Task: Output the listing verbatim, leaving out every picture.

Information supplied:

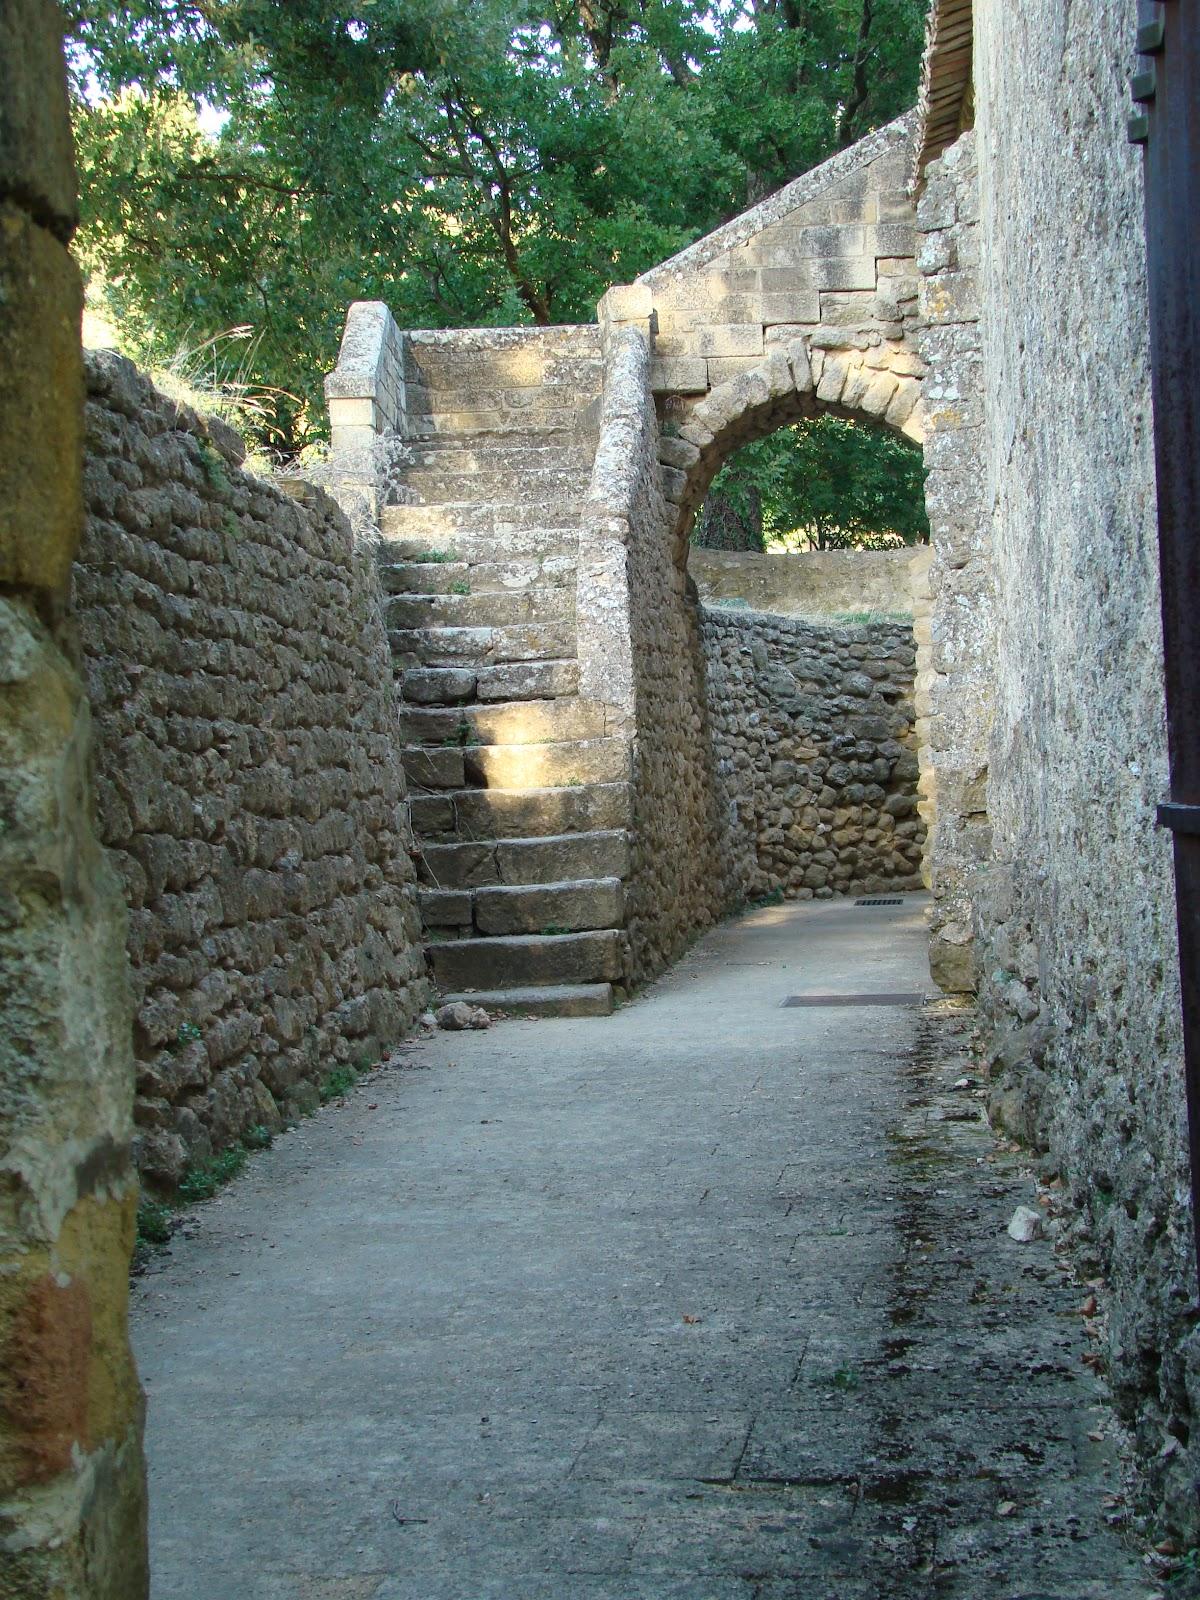 http://1.bp.blogspot.com/-hNrnWqvIKp0/T4DM6gI75lI/AAAAAAAAASk/dtlJibG_uOw/s1600/Cucuron+stone+passageways.JPG
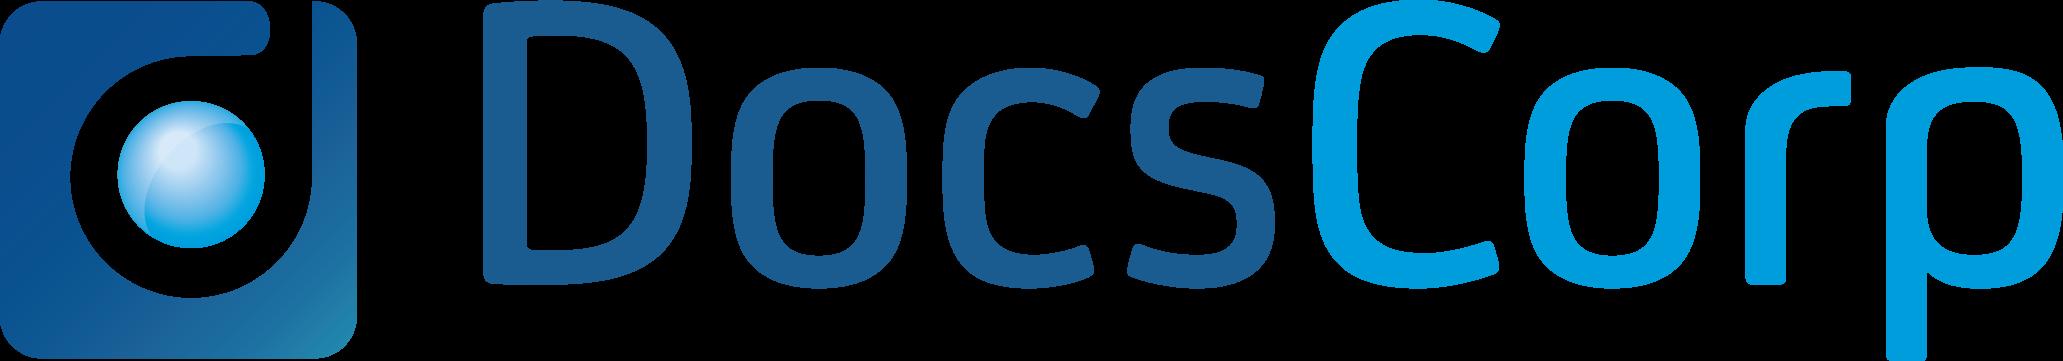 docscorp-logo
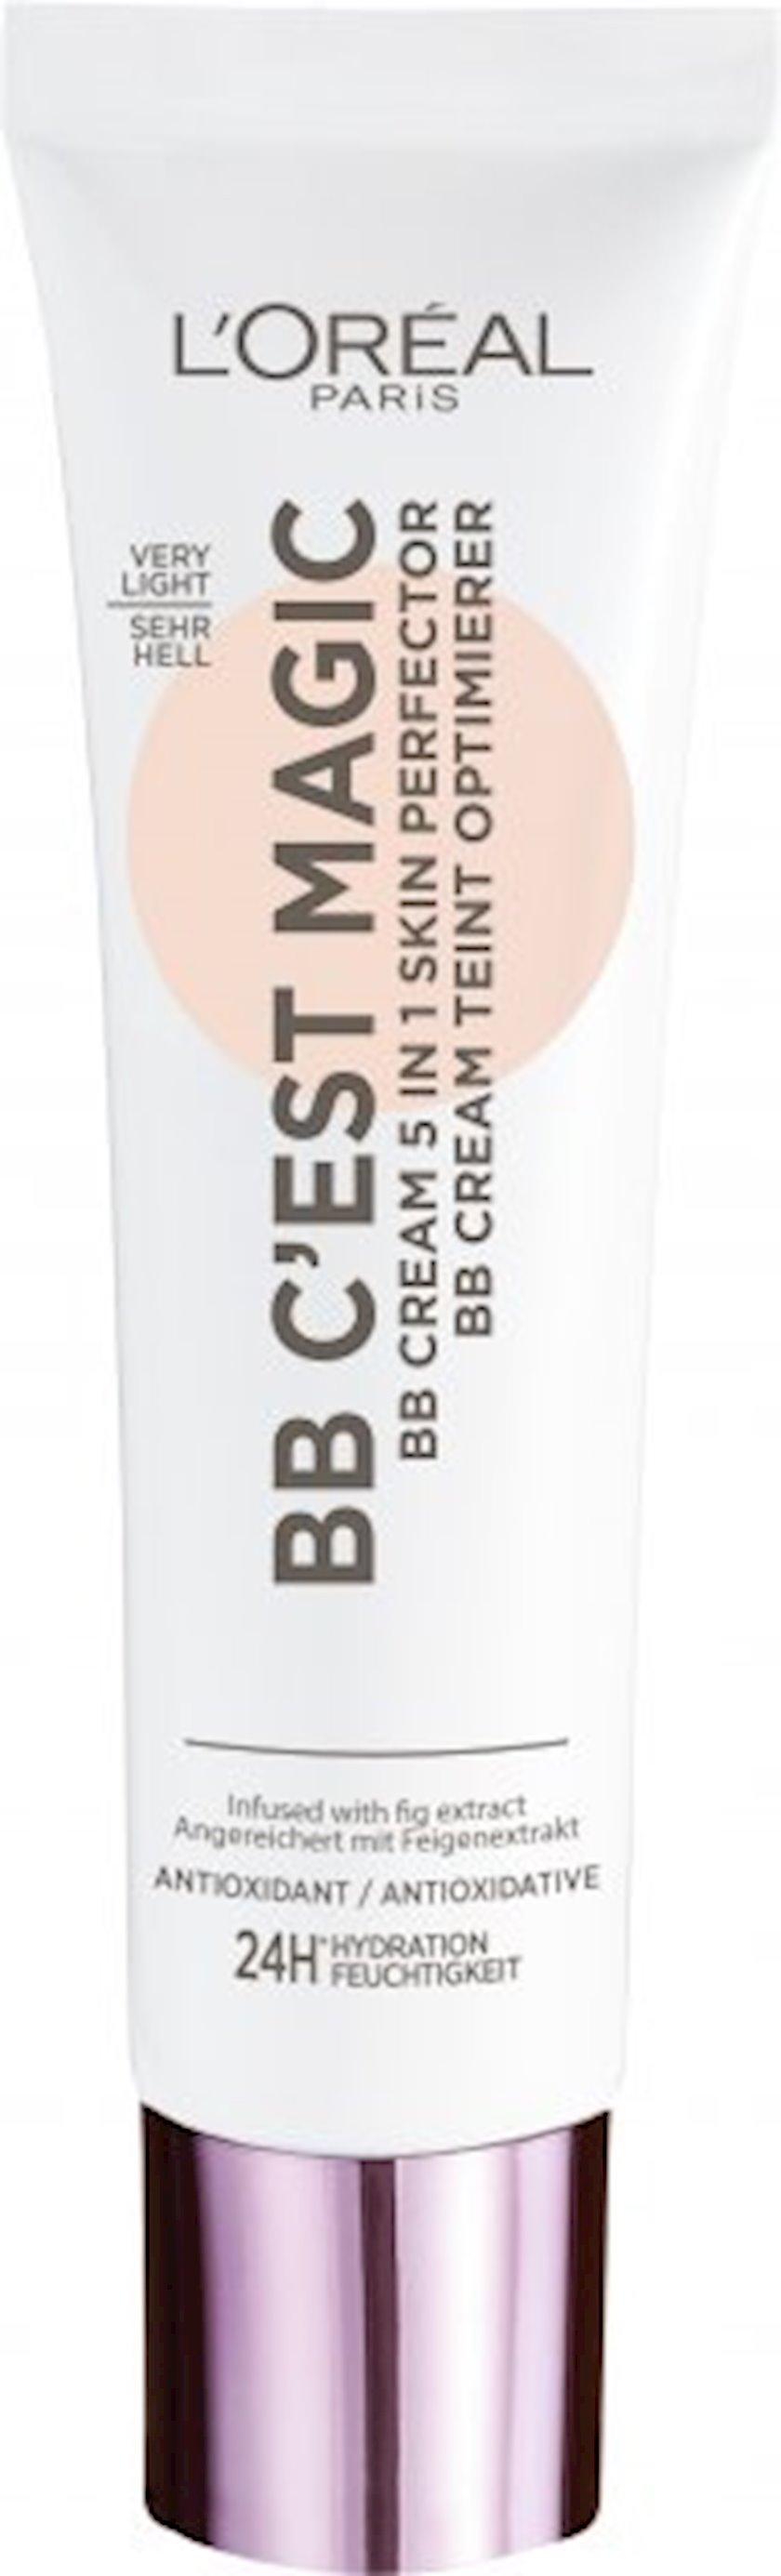 BB krem L'Oréal Paris C'est Magic 5-i birində, 1 Açıq, 30 ml

Response to this exercise:
 http://1.bp.blogspot.com/-hNrnWqvIKp0/T4DM6gI75lI/AAAAAAAAASk/dtlJibG_uOw/s1600/Cucuron+stone+passageways.JPG
 docscorp-logo
 BB krem L'Oréal Paris C'est Magic 5-i birində, 1 Açıq, 30 ml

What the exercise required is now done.